Work instruction: Write out again, word for word, the lines below from the line that holds "Taiwán travel diseño" through the line that holds "Anusaya Fresh lobby sign", omitting pictures.

Material for this task:
------------

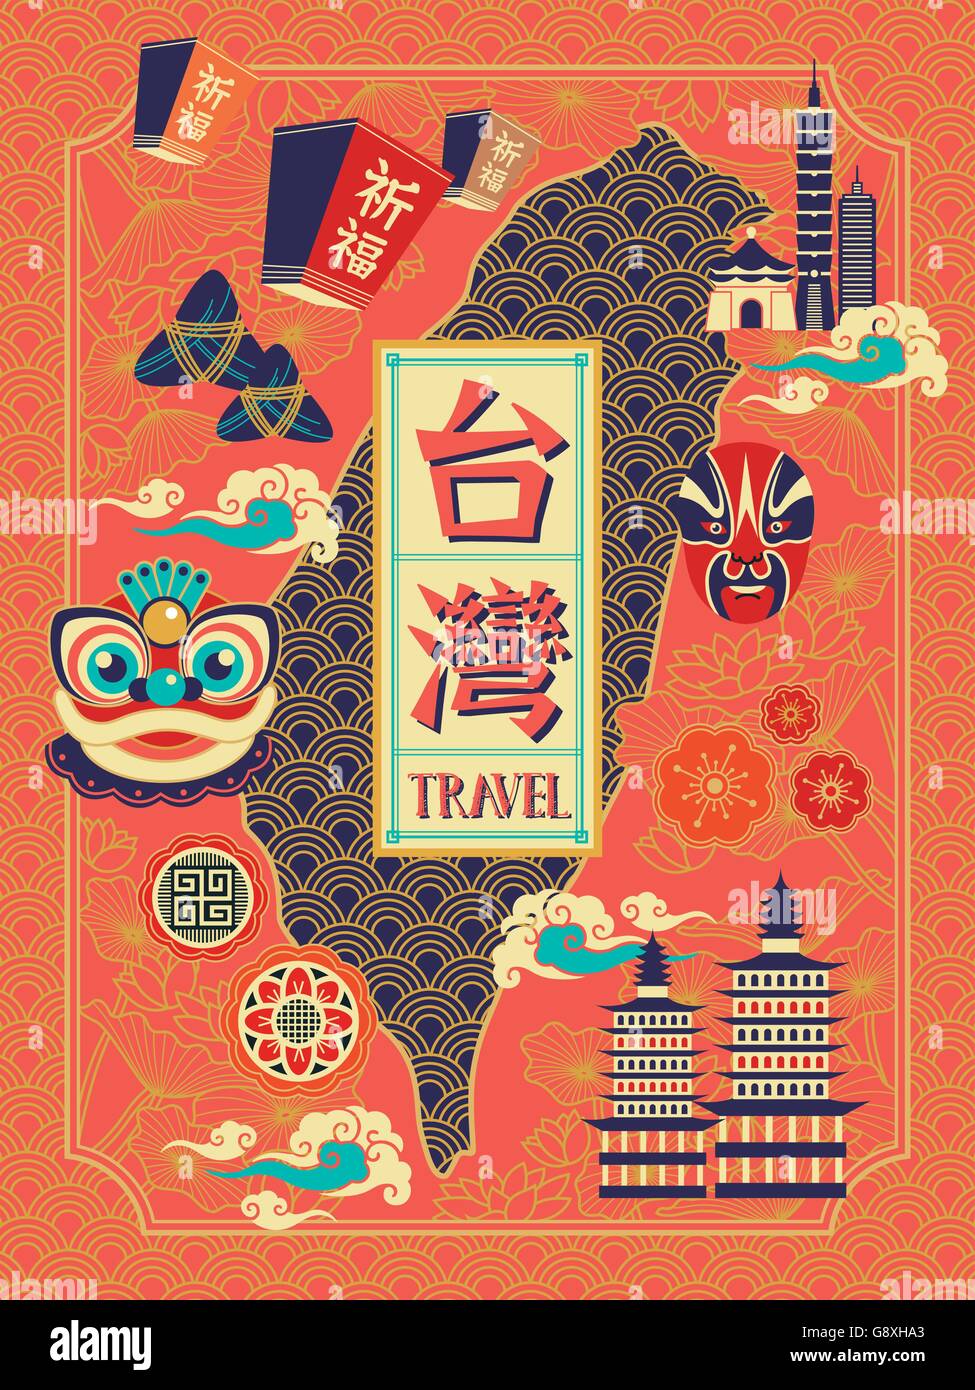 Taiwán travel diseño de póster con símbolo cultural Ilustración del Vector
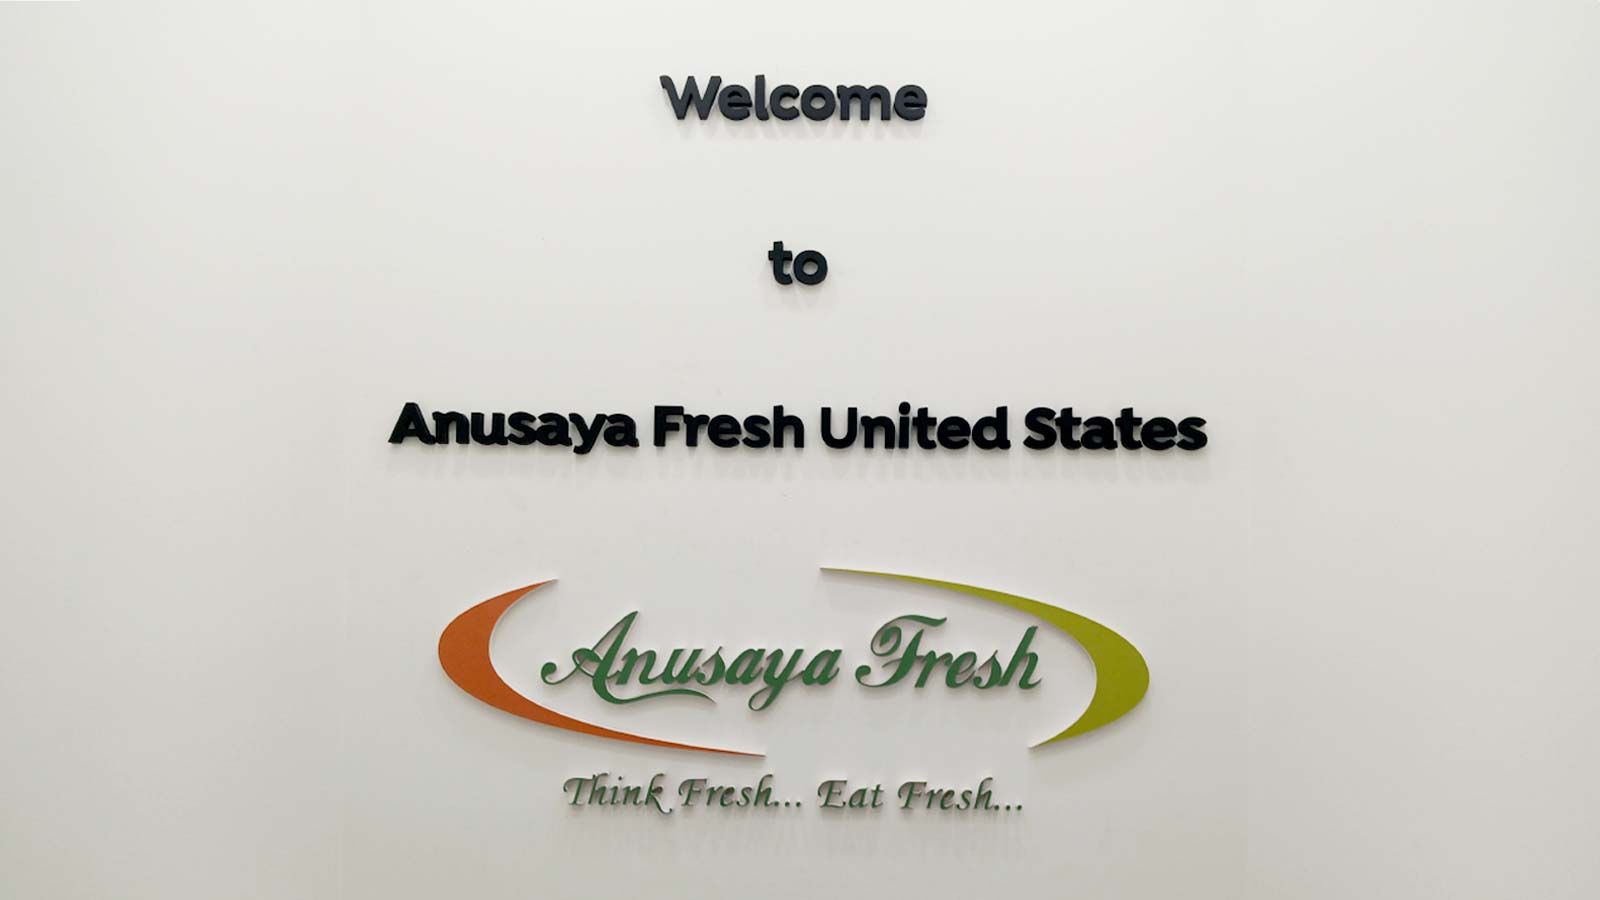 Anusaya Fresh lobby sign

------------

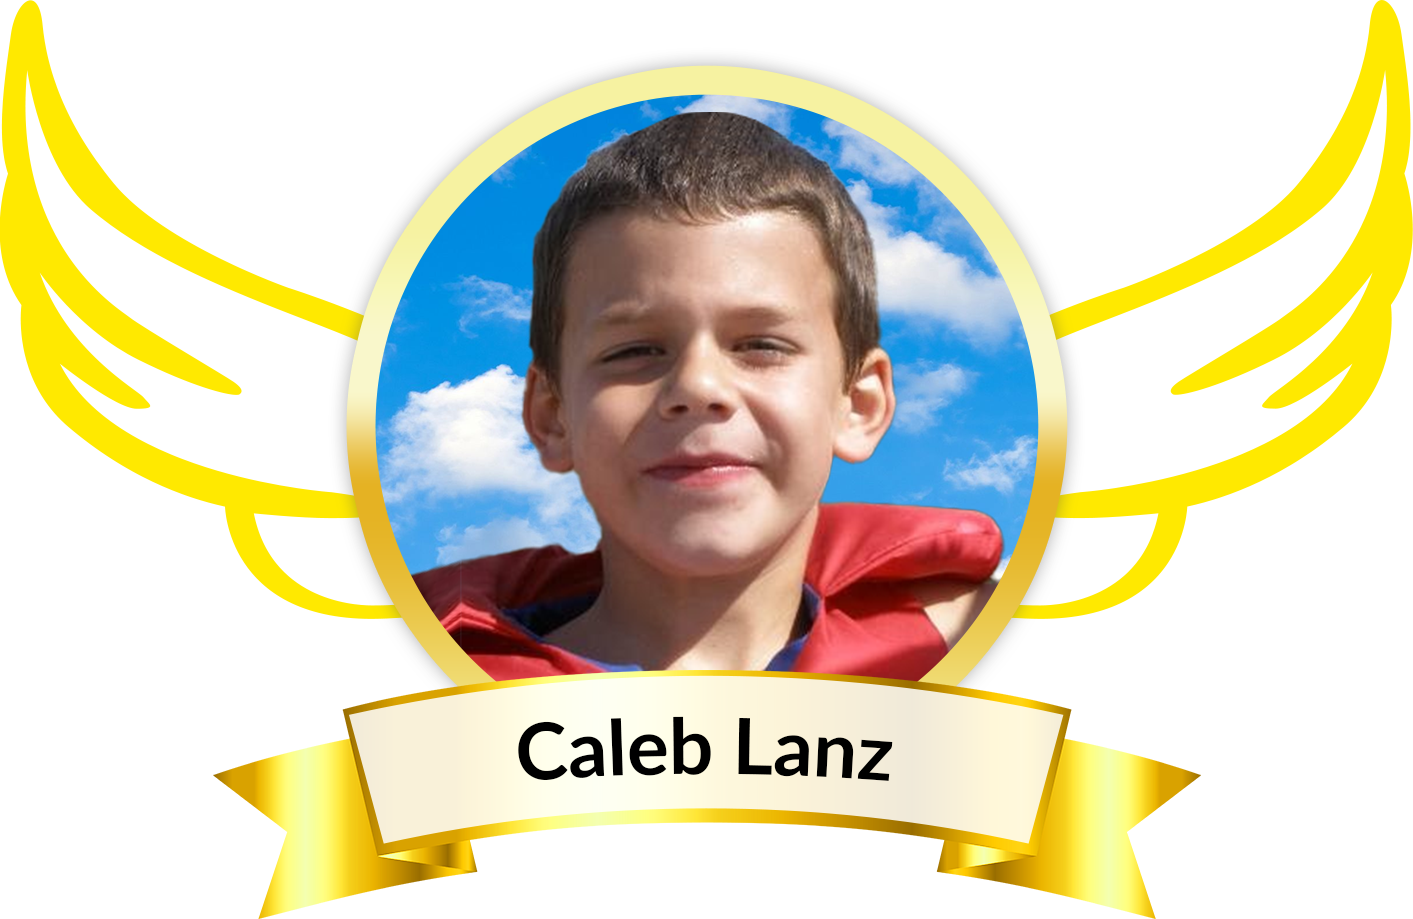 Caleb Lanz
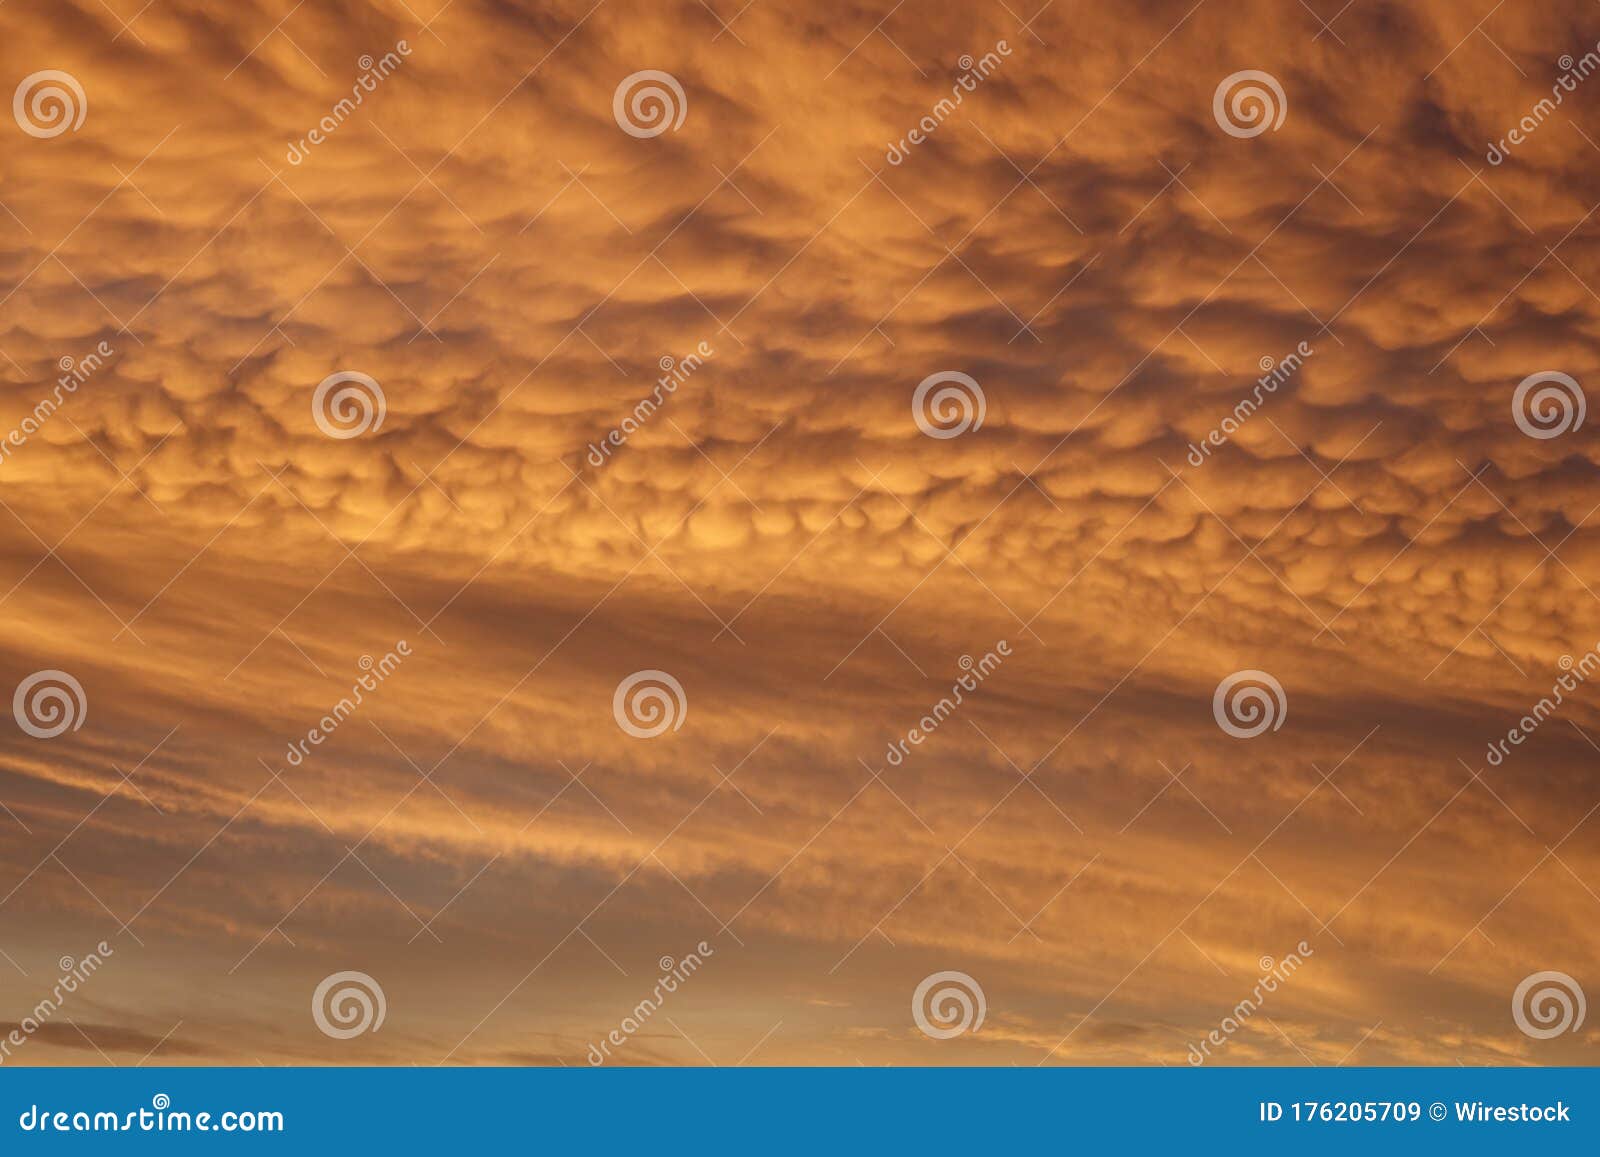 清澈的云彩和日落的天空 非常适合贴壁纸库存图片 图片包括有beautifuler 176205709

------------

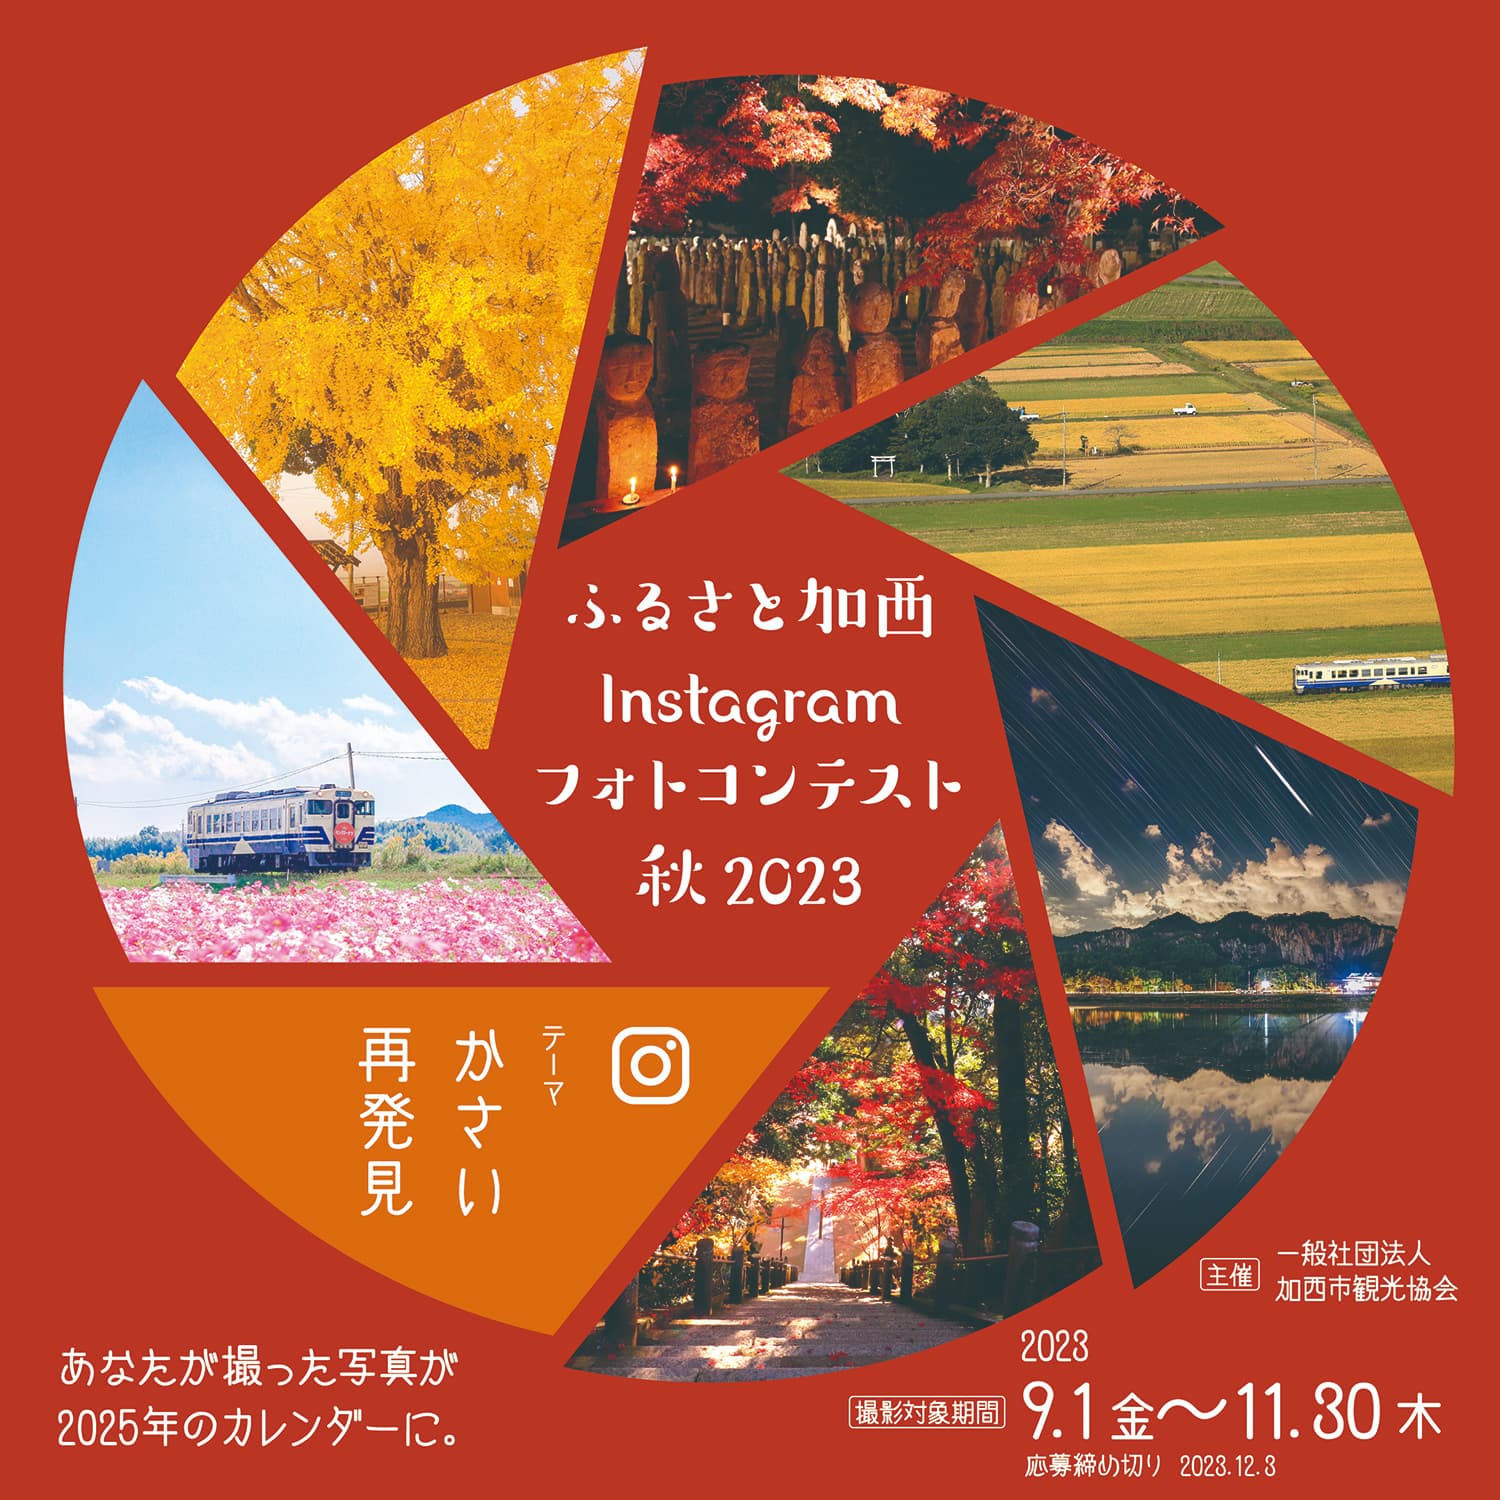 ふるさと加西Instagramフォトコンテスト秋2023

------------

Solution for this task:
 Taiwán travel diseño de póster con símbolo cultural Ilustración del Vector
 Anusaya Fresh lobby sign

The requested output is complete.